I've written about Chevron step 1.5 in previous posts. It's the little-known and rarely applied rule that Chevron deference is inappropriate when an agency believes the statutory language at issue is unambiguous. The step 1.5 principle is rooted in the presumption underlying Chevron itself--that when more than one reasonable interpretation of a statute exists even after a court has exhausted all traditional tools of statutory construction, Congress would generally prefer that the expert agency rather than the court resolve the ambiguity. That is so, the argument goes, for several interrelated reasons, including the following:

(1) agencies are more politically accountable than courts;

(2) agencies have expertise in their areas of authority that courts lack; and

(3) the choice between two reasonable interpretations that remain even after courts have exhausted their statutory interpretation toolkit will often be a policy-laden one more appropriate for an agency than a court.
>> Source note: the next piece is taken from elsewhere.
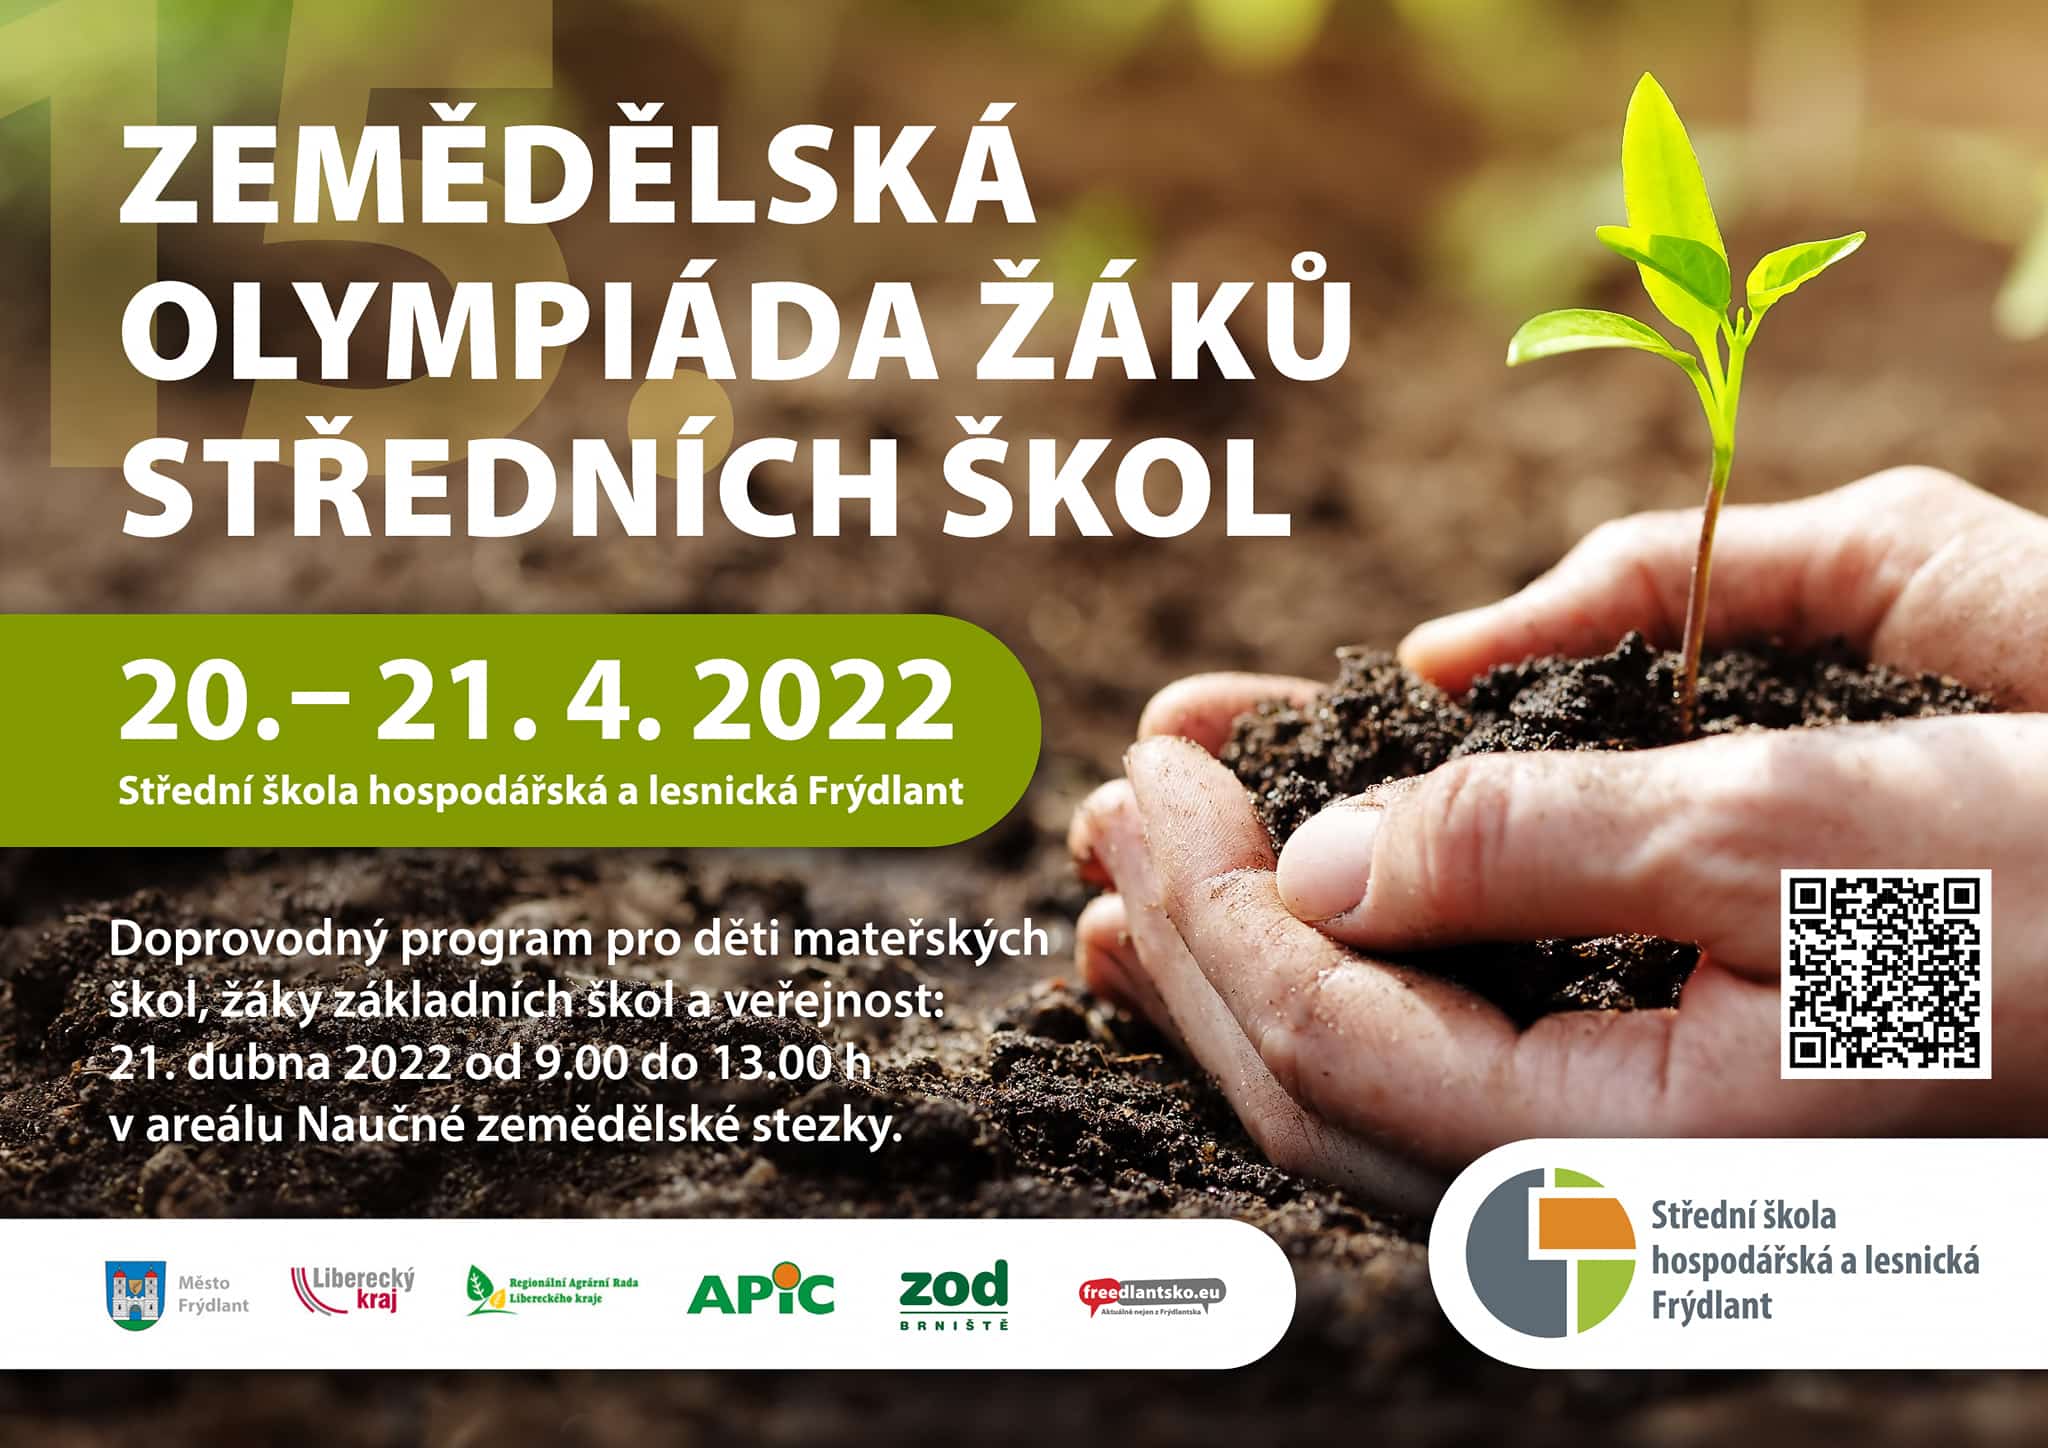 168 stredni skola hospodarska lesnicka zemedelsk olympiada  2022 frydlantsko
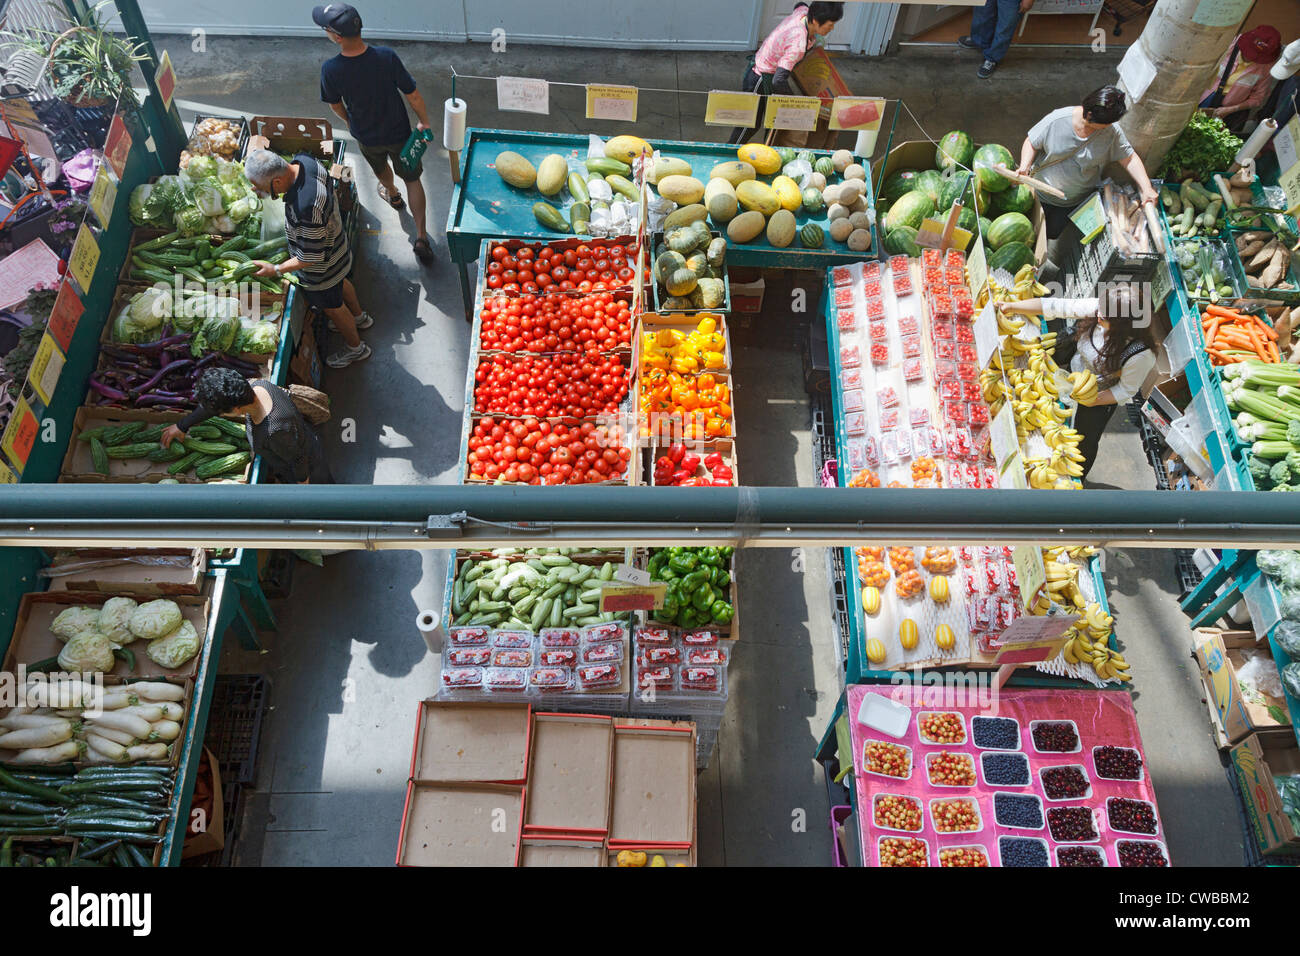 Les légumes frais et les autres produits alimentaires en vente au marché public de Richmond, qui a aussi une aire de restauration avec cuisine asiatique authentique. Banque D'Images

Step 1.5 applies that rationale to the specific case of judicial review of an agency's interpretation of a statutory provision that the agency itself believes is unambiguous. Think about it: if the agency views the provision at issue as unambiguous, then it necessarily has no choice but to apply the language as written. Its hands are tied. As a result, it cannot possibly bring any expertise to bear on the question, and its view of the policy concerns implicated by the text are irrelevant. Because the factors justifying Chevron deference indisputably don't exist in such a situation, some courts--those that apply step 1.5--have refused to grant Chevron deference in such circumstances.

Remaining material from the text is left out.